§ Directions: From the material below, retype exactly the lines that begin at the line with "Gutermann Sew-All Thread" and end after the line with "Miami International Boat"; pictures stay out of the copy.

§ Material for this exercise:
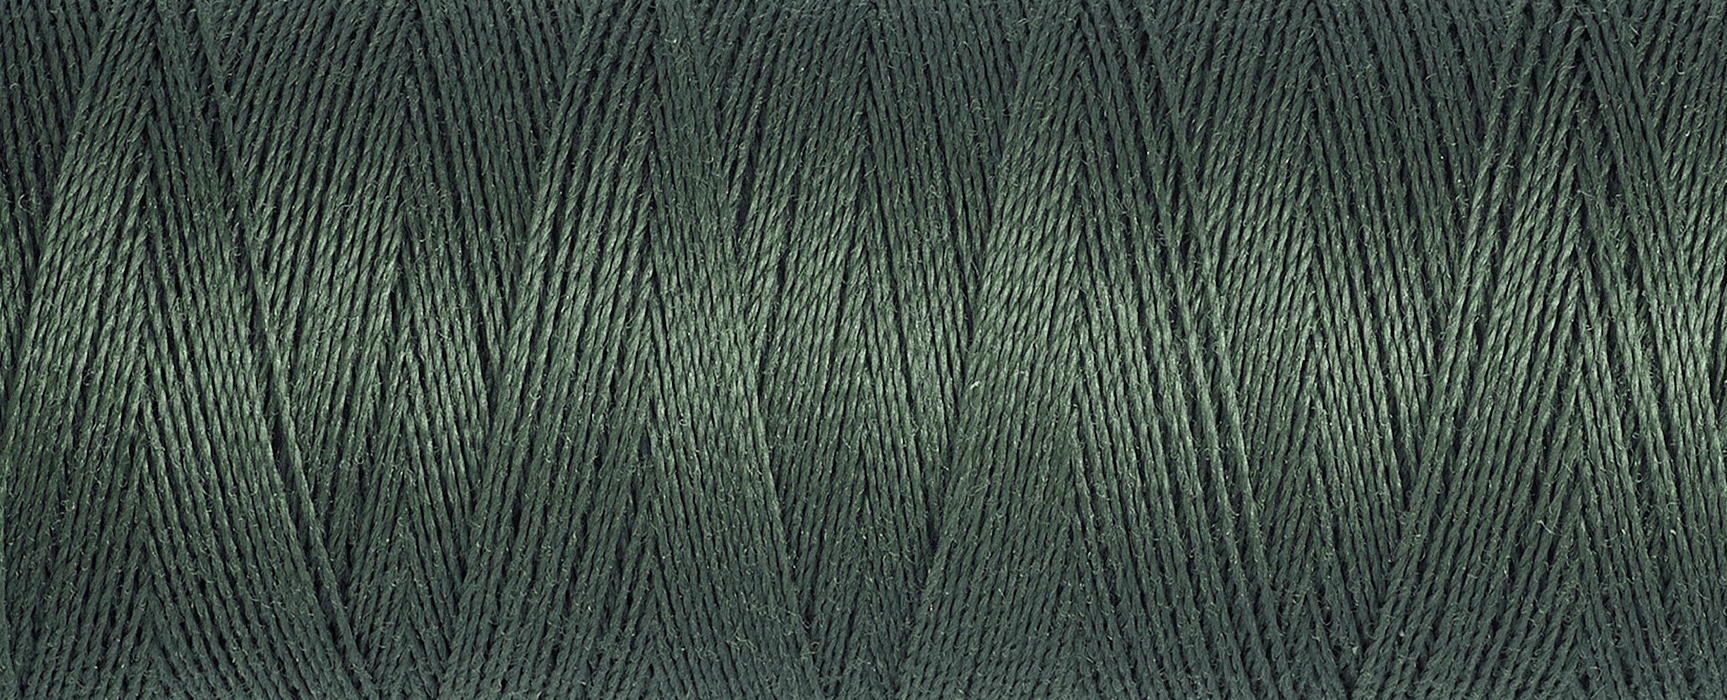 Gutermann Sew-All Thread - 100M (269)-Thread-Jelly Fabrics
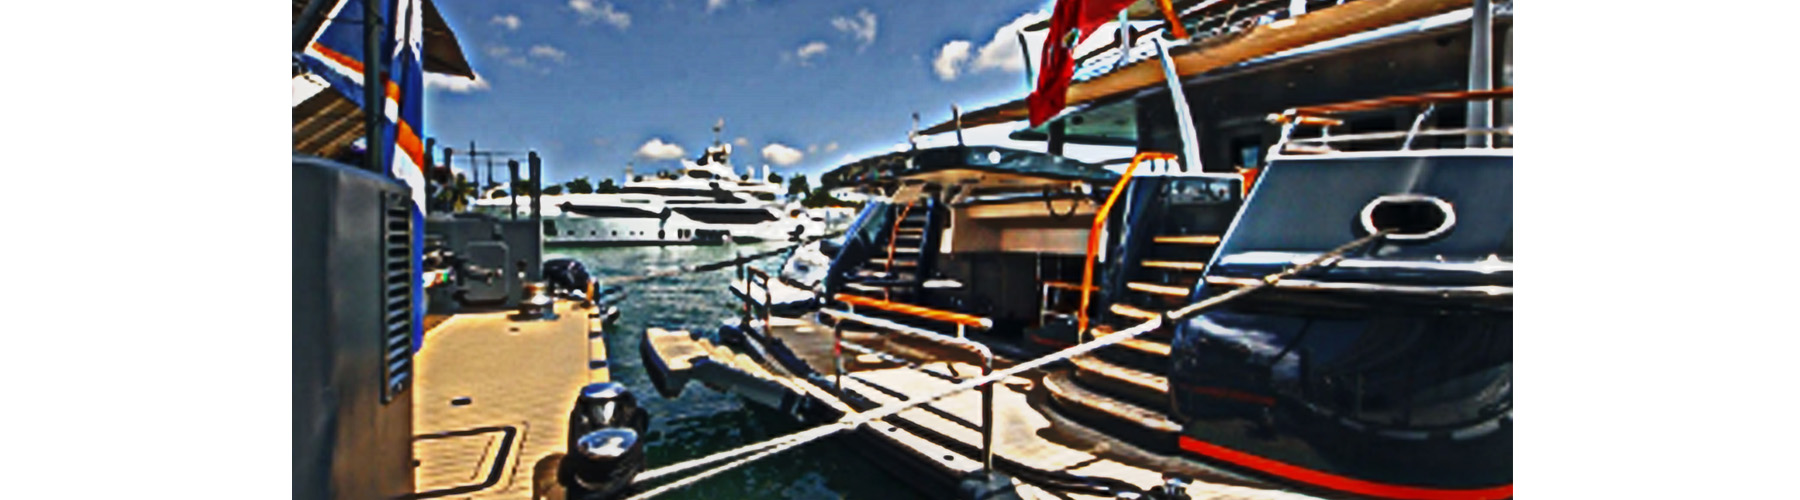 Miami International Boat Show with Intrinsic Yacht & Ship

...

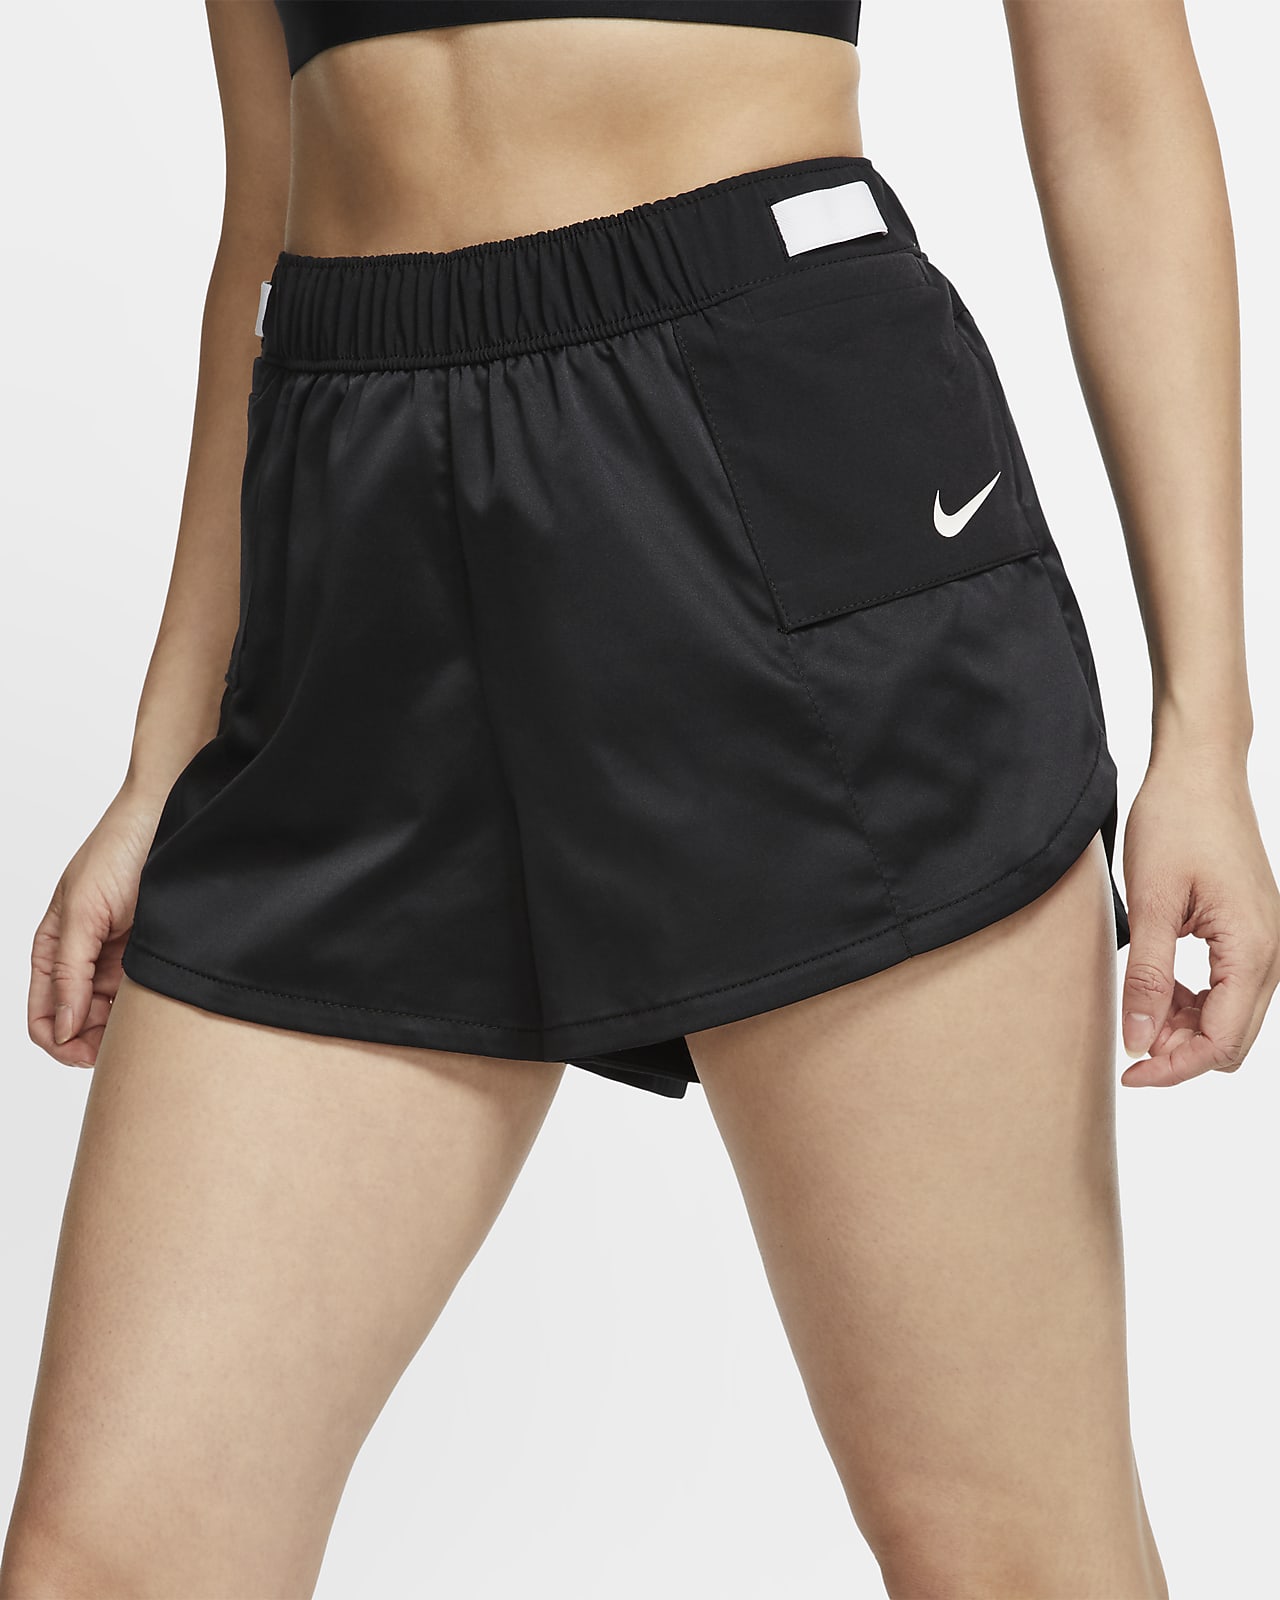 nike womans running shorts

...

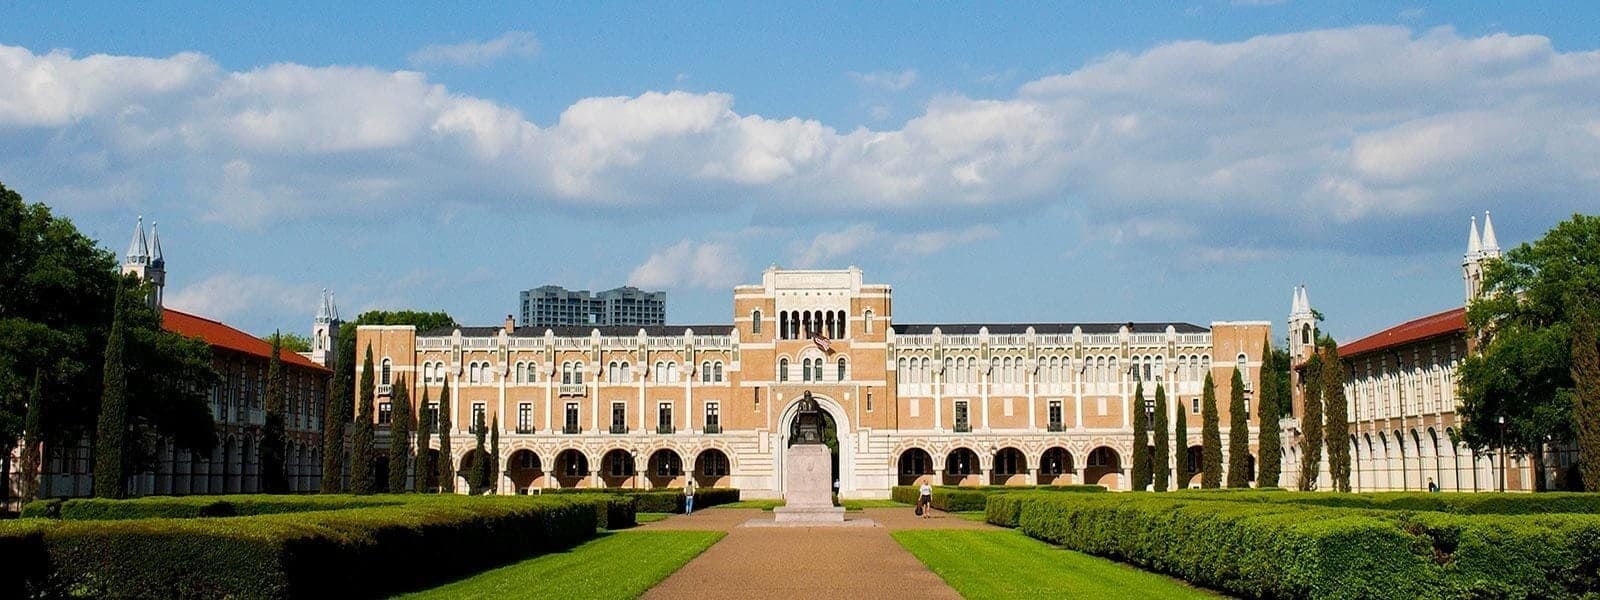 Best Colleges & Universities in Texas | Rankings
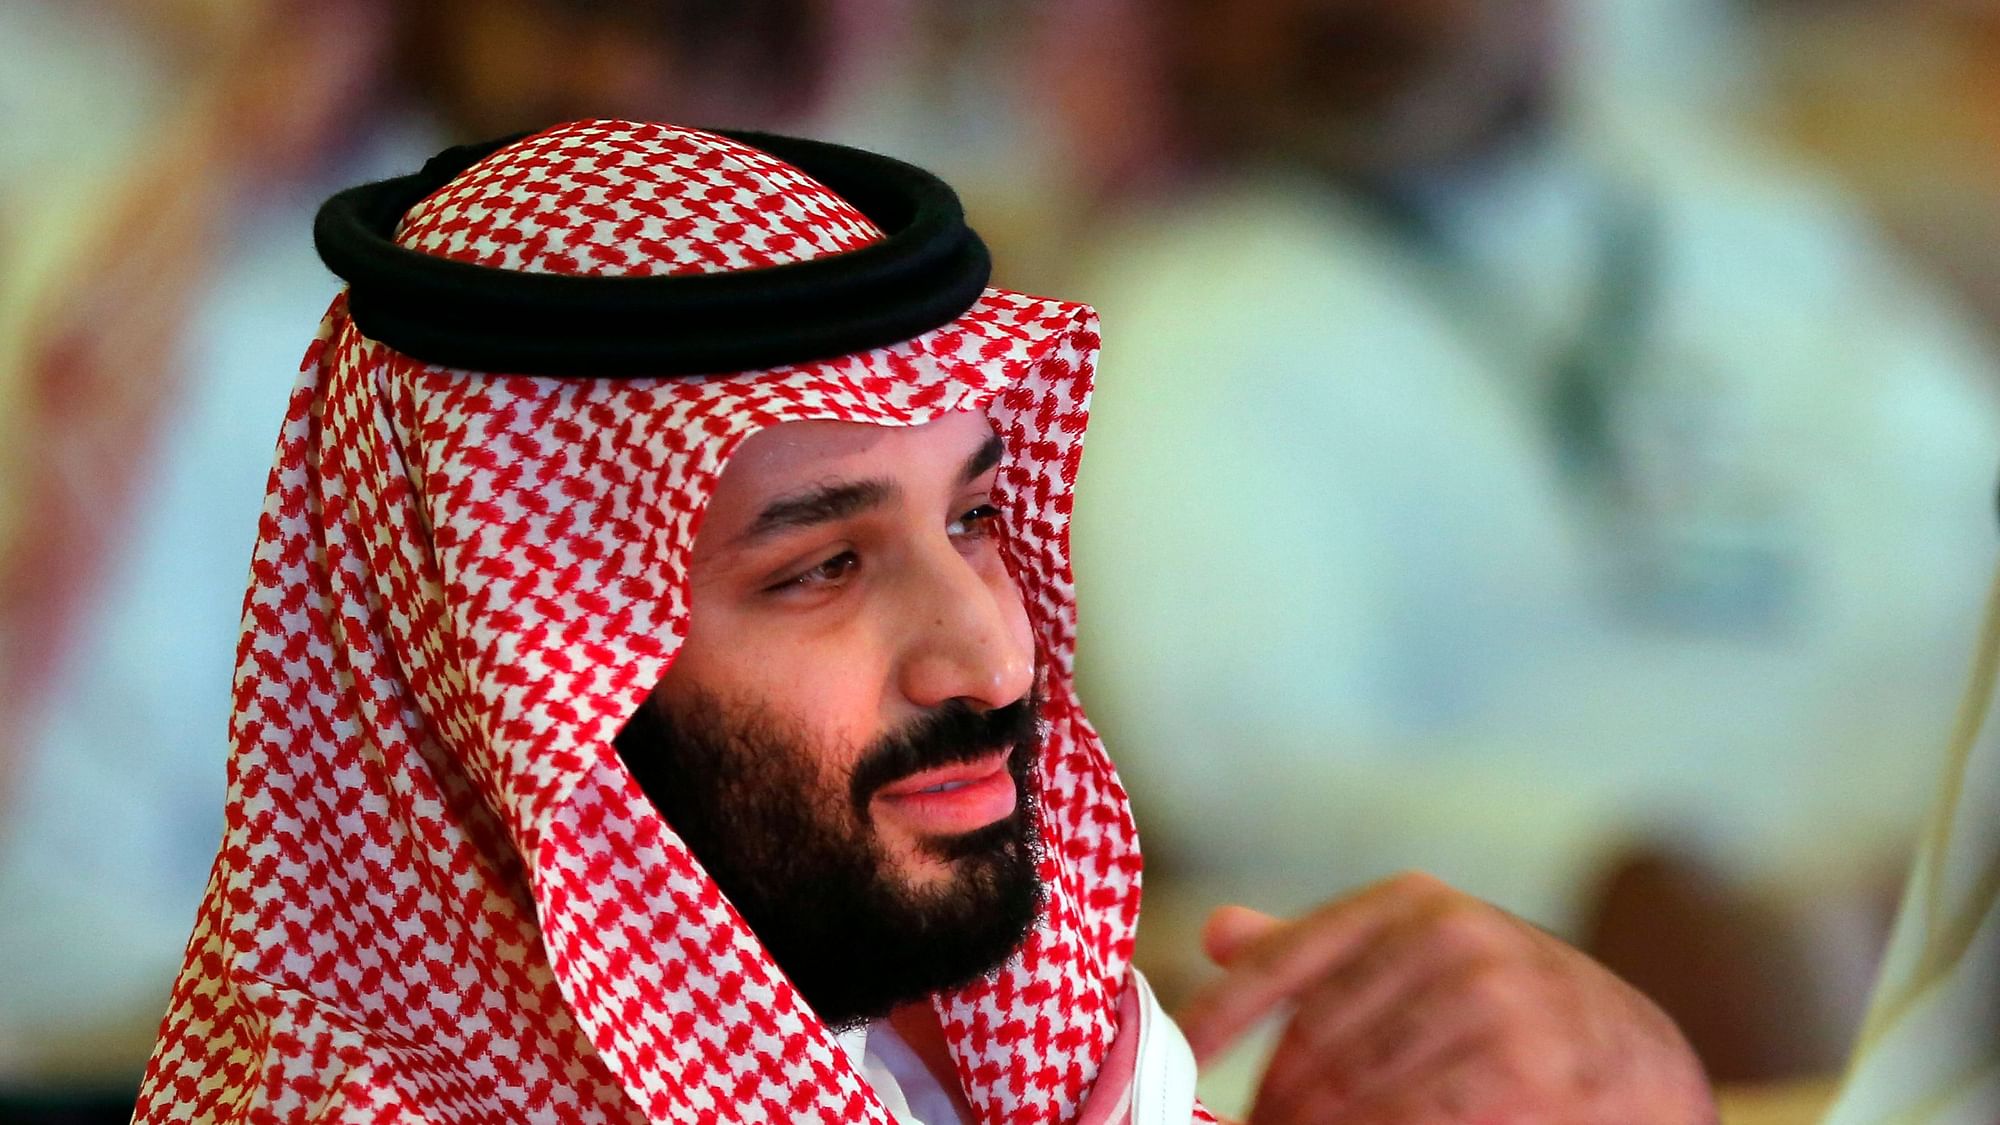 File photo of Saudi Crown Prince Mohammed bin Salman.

§ Reply:
 Gutermann Sew-All Thread - 100M (269)-Thread-Jelly Fabrics
 Miami International Boat Show with Intrinsic Yacht & Ship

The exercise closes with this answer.